The US-NI Investment Conference, nearly a year in the planning, brought about 120 senior executives from U.S. corporations such as eBay, Pfizer, AOL, Goldman Sachs and Qualcom to the North, most of them for the first time.
The conference was actually the fifth such gathering since the signing of the Anglo-Irish Agreement over two decades ago.
However, what organizers described as the new political dispensation and emerging confidence of the North as a viable business location was expected to see this latest gathering eclipse all its predecessors in terms of tangible economic results.
While some announcements, well planned in advance, were made during the conference, it is expected that even greater investment will flow into Northern Ireland over the next three years as a result of the event.

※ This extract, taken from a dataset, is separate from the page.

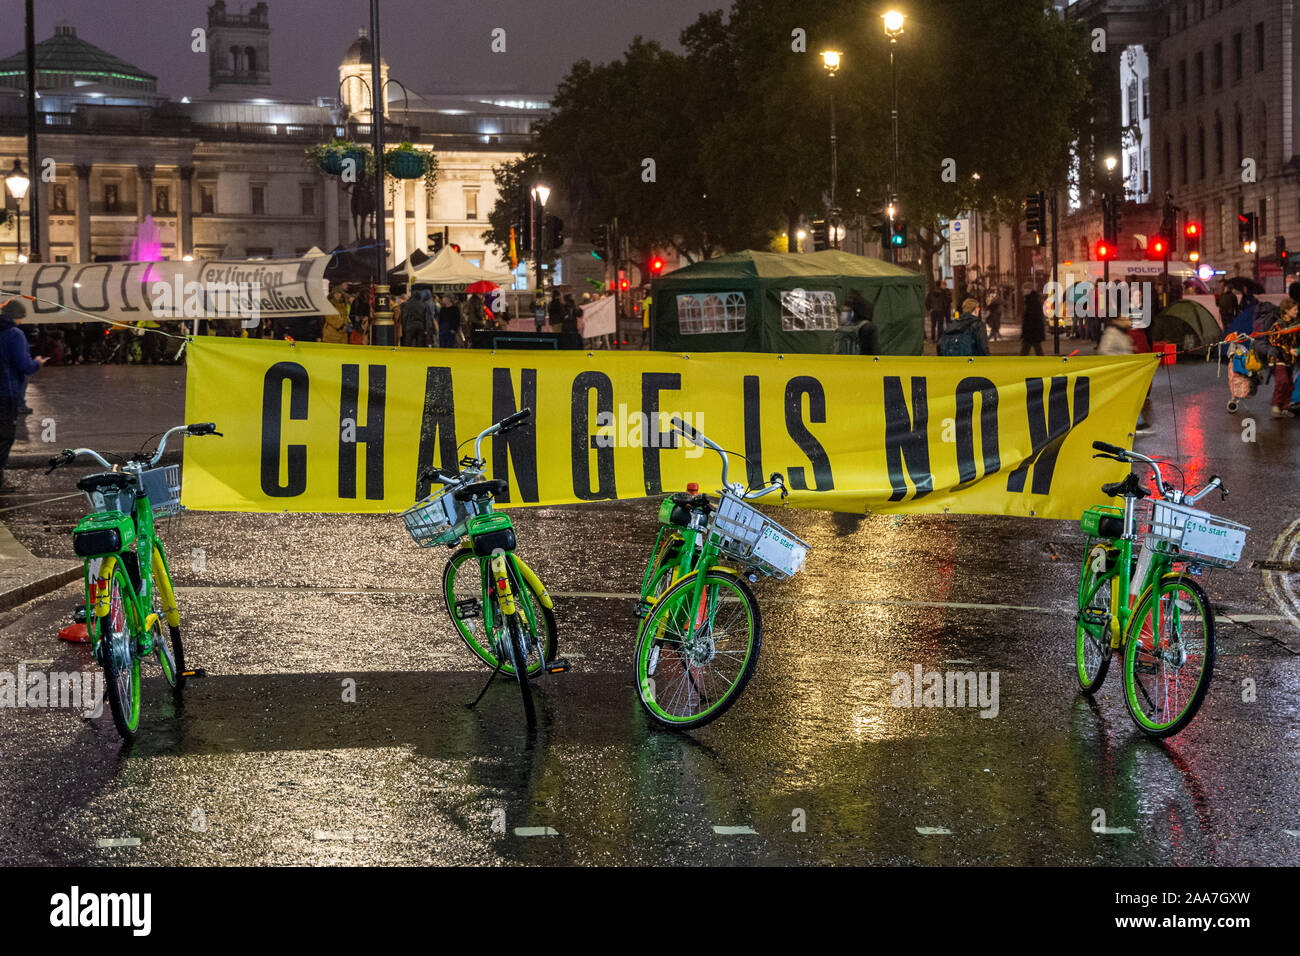 London, England, UK - October 7, 2019: Lime Bikes electric hire bikes are lined up at a road block in Trafalgar Square during Extinction Rebellion pro Stock Photo

The conference was formally launched at a gala reception in the Transport Museum at Cultra, County Down, with welcomes from the First Minister Ian Paisley and Deputy First Minister Martin McGuinness.
Coinciding with the conference launch, Bombardier Aerospace unveiled details of a major new aircraft manufacturing operation in Belfast.
It will cover a range of technologically advanced aircraft development projects and will include the manufacture of components for the new CRJ1000 regional jet, including the fuselage and flight control surfaces.
U.S.-based Internet payments company CyberSource confirmed during the conference that it was establishing a research development center in Belfast where it plans to recruit 56 software development professionals.
The Bush administration was represented at the conference by the president’s special envoy, Ambassador Paula Dobriansky.
Northern Ireland, said Dobriansky, had an excellent quality of life and an infrastructure ideal for foreign investment.
“I hope that substantial and mutually beneficial business relationships will eventually emerge as a result,” she said.
At the opening of the conference, the North’s First Minister Ian Paisley thanked the U.S. for “staying with us in our hour of need” and said Northern Ireland was “about to reap a rich and bountiful economic harvest.”
Deputy First minister Martin McGuinness said the North was “now one of the most peaceful parts of Europe.”
As well as leading New York City and State politicians, including Mayor Michael Bloomberg, NYC Comptroller William Thompson and State Comptroller Thomas Di Napoli, the conference was attended by new taoiseach Brian Cowen and British Prime Minister Gordon Brown.